I am trying to understand what is the best way to achieve current time timestamps using Flink when producing a new record to Kafka
Does flink automatically fill the produced event with metadata containing the timestamp of the current time? Is that the best practice for the consumers or should we put the current time inside the event?
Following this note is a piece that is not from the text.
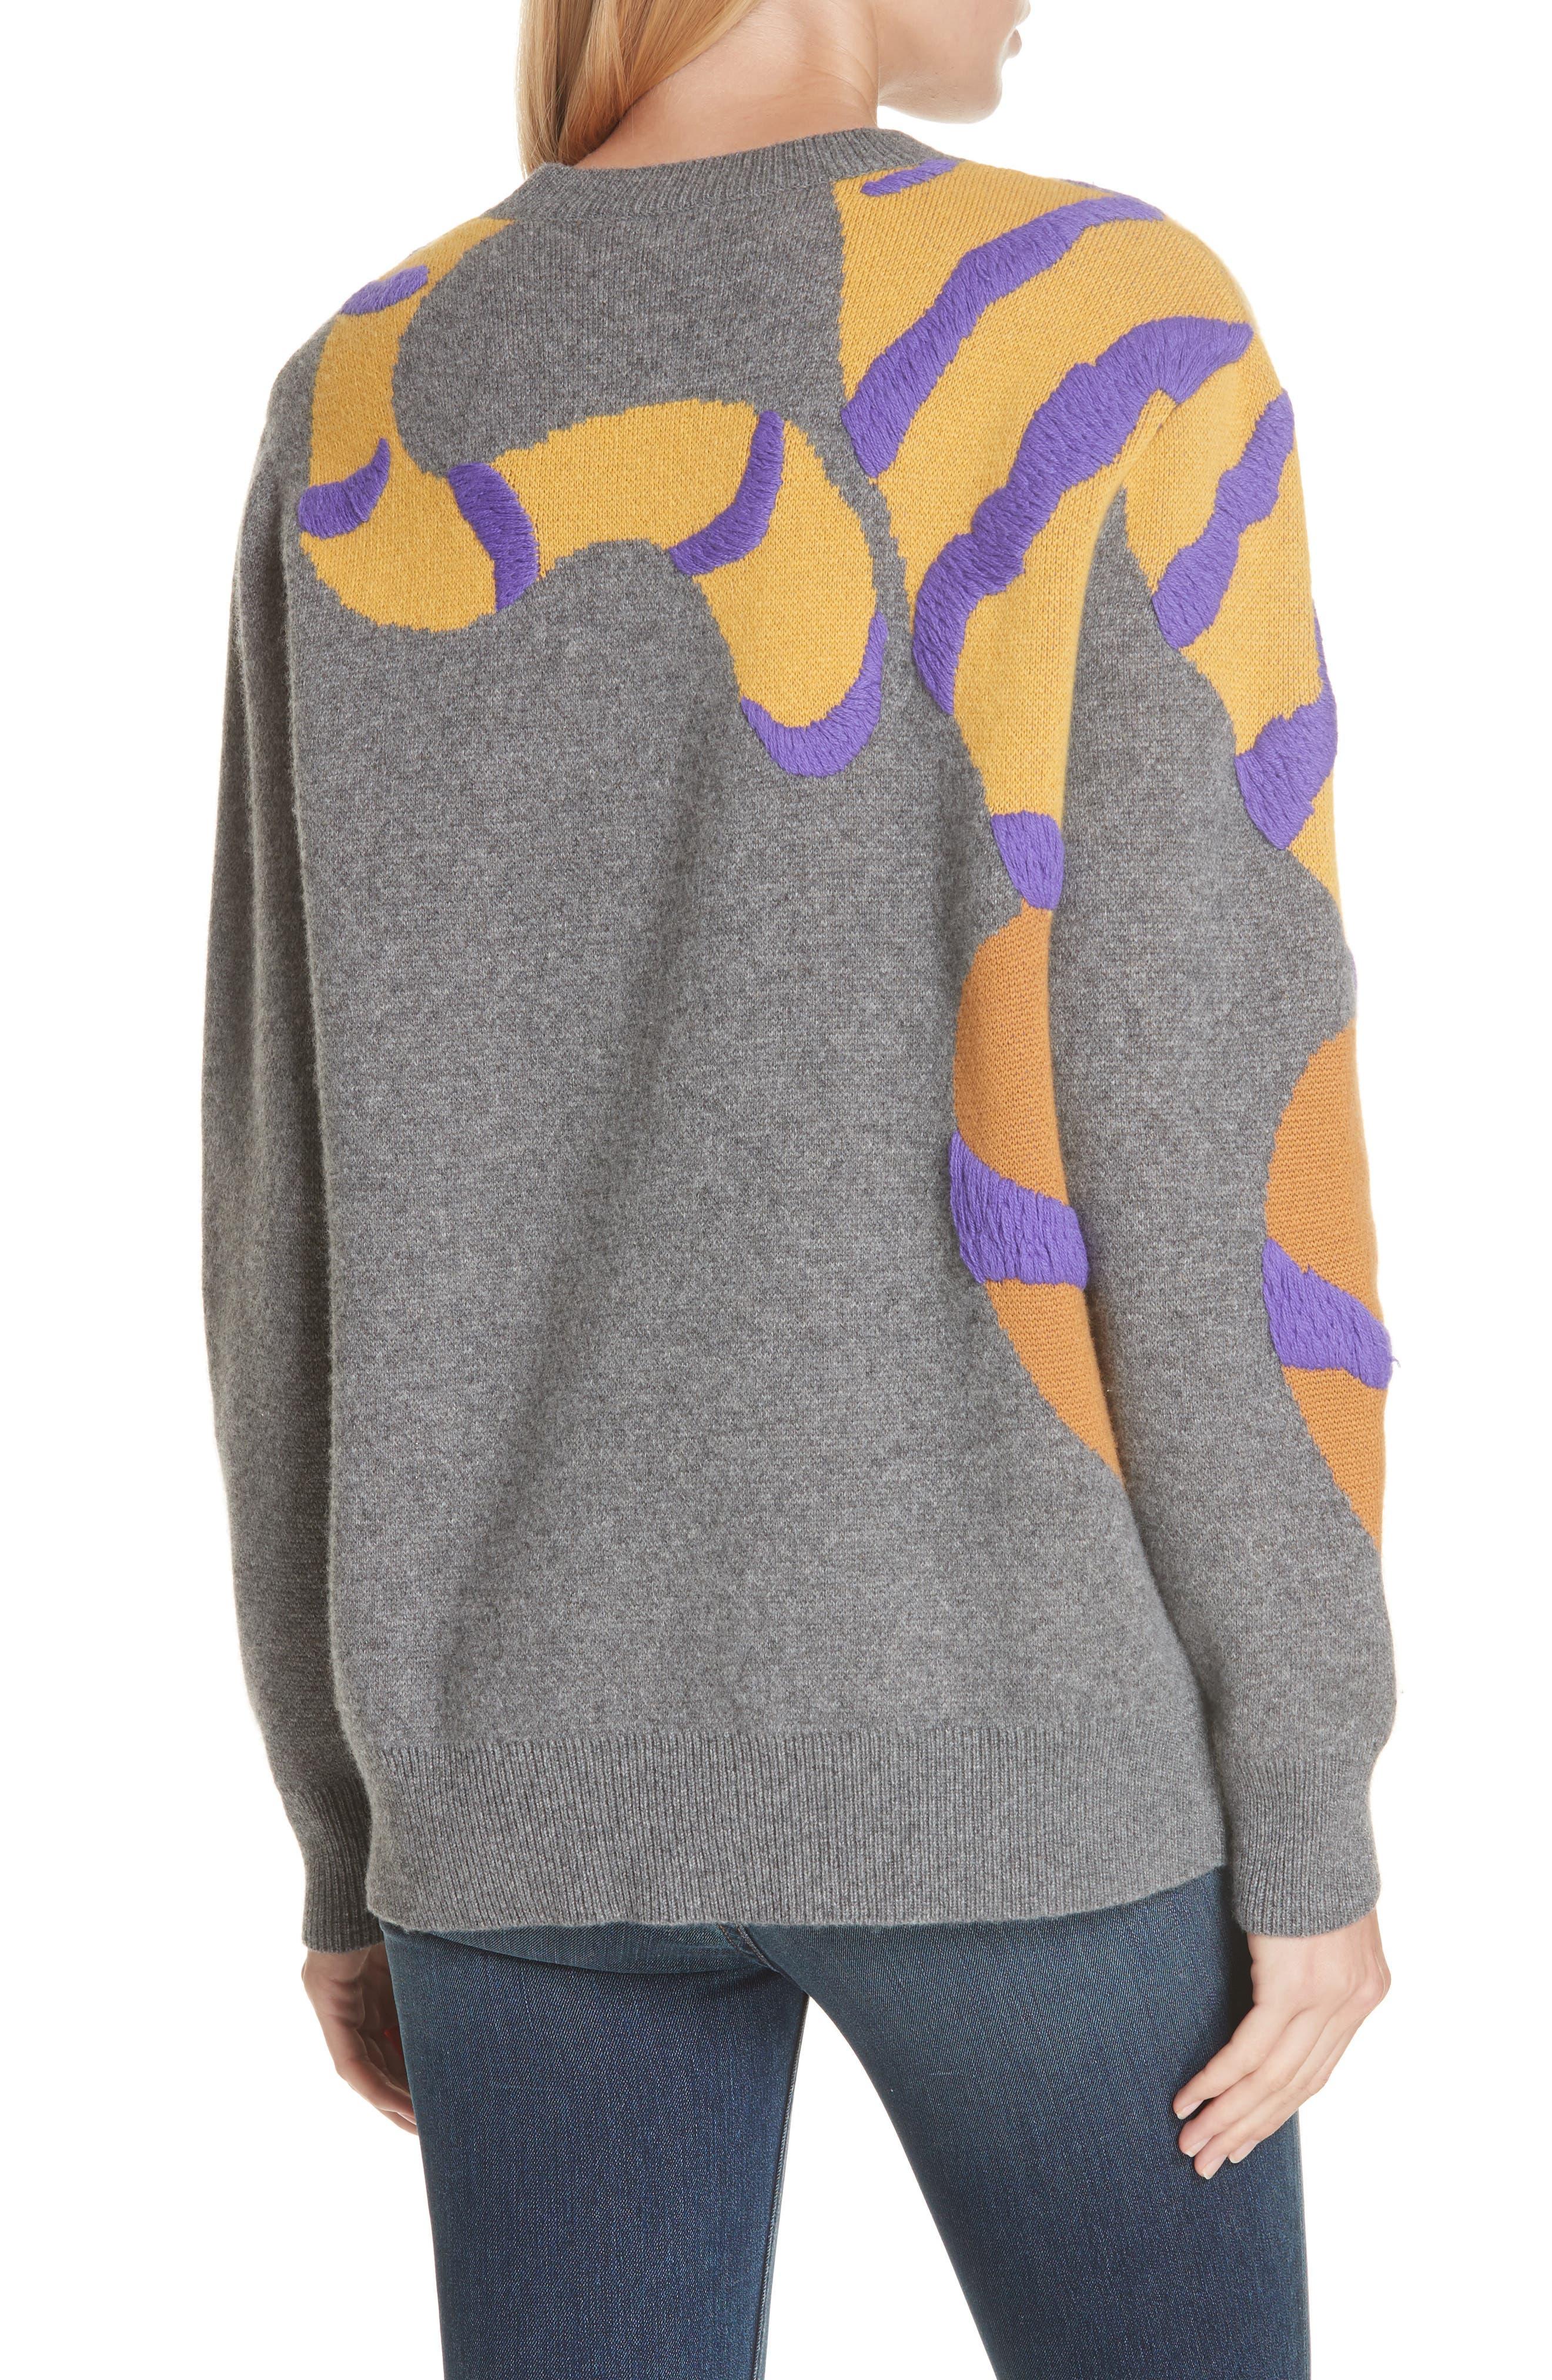 RAG & BONE,                             Tiger Cashmere Sweater,                             Alternate thumbnail 2, color,                             CHARCOAL

If I really want to put the current time of a processed event, how should I do it in Java? I am running flink in kubernetes, so I don't know if a simple current_time() call would be the ideal way of doing it, because task managers may be in different nodes, and I am not sure if the clock in each of them are going to be in sync.
2条答案
按热度按时间watbbzwu1#
When initializing a
KafkaSink
you have to provide aKafkaRecordSerializationSchema
, in theserialize
method you can set the timestamp associated to each element when building theorg.apache.kafka.clients.producer.ProducerRecord
. The timestamp theserialize
method receives will depend on your pipeline configuration. You can get more information about assigning timestamps and how Flink handles time in here: https://nightlies.apache.org/flink/flink-docs-release-1.15/docs/dev/datastream/event-time/generating_watermarks/If you are not setting it, Kafka will automatically assign a timestamp to each record when receiving it (the ingestion time, which will basically be the processing time plus a slight delay).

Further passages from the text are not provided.